What Are Friends For?

 

Dr. Joan Silk of Arizona State University

Prof. Joan Silk from Arizona State University will be at Indiana University, Bloomington on Thursday, November 15 to deliver a lecture on “What are friends for? The adaptive value of social bonds.” 

Prof. Silk’s research concerns the role of competition and conflict among primates and the importance of social bonds in negotiating a complex, competitive social environment.  She has examined grooming patterns and their relationship to coalition formation, reconciliation in primate societies, and factors that influence female reproductive success. 
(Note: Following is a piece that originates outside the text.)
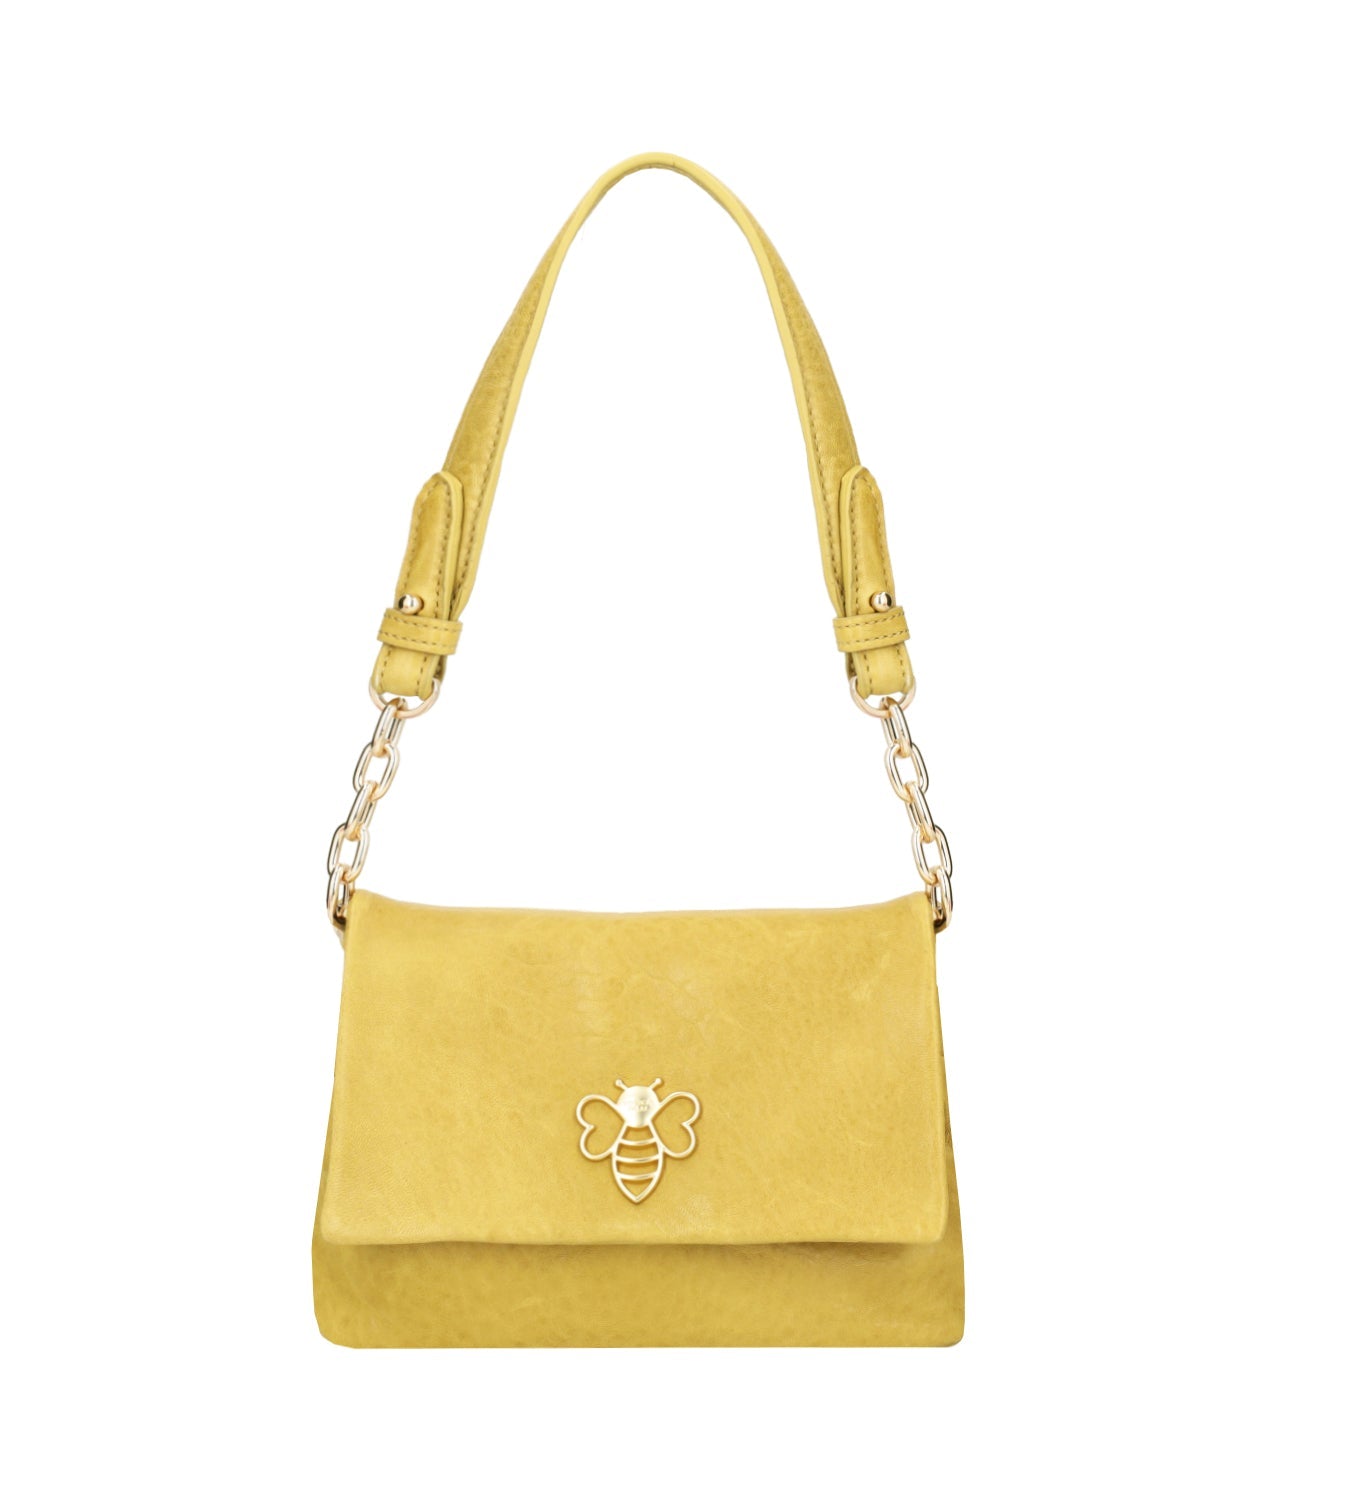 YELLOW GLADIOLO CROSSBODY BAG IN LEATHER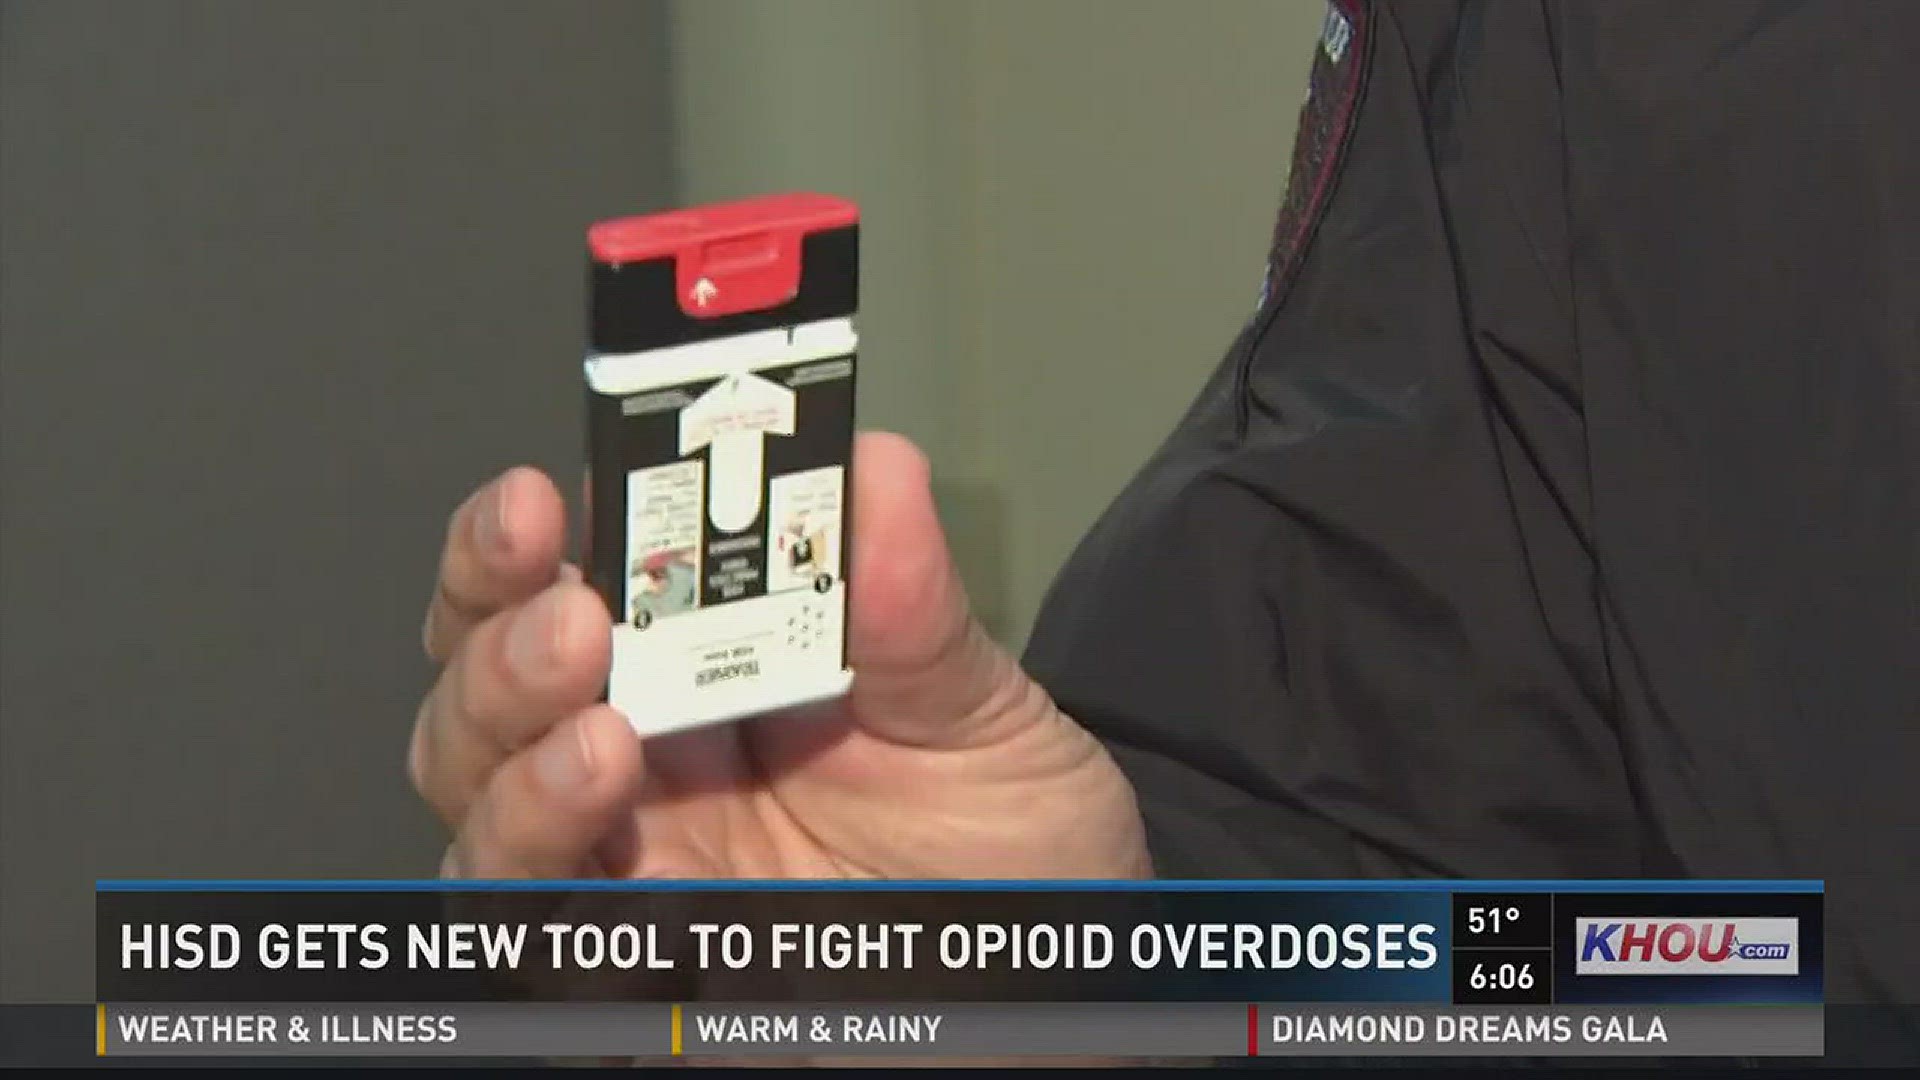 With the opioid epidemic on the rise, Houston ISD police are now arming themselves with a spray that can help combat an overdose on school campuses.

While widely known for her studies of baboons, Dr. Silk’s expertise extends to many species of primate including chimpanzees and humans. 

Baboon friends engaged in grooming
Baboon friends engaged in grooming

According to Dr. Silk, “Having friends is important for us and for female baboons—and maybe for some of the same reasons”.  She continued, “Our findings are strikingly similar to evidence from humans showing that social ties have important effects on our mental and physical health and our longevity. We suspect that the human motivation to form close and lasting friendships has a very long evolutionary history.”

Dr. Silk’s lecture is free and open to the public, beginning at 5:30 pm in the Whittenberger Auditorium in the Indiana Memorial Union. The event is part of the Primate Behavior Speaker Series and is co-sponsored by the Center for the Integrative Study of Animal Behavior, and the College of Arts and Science’s Themester.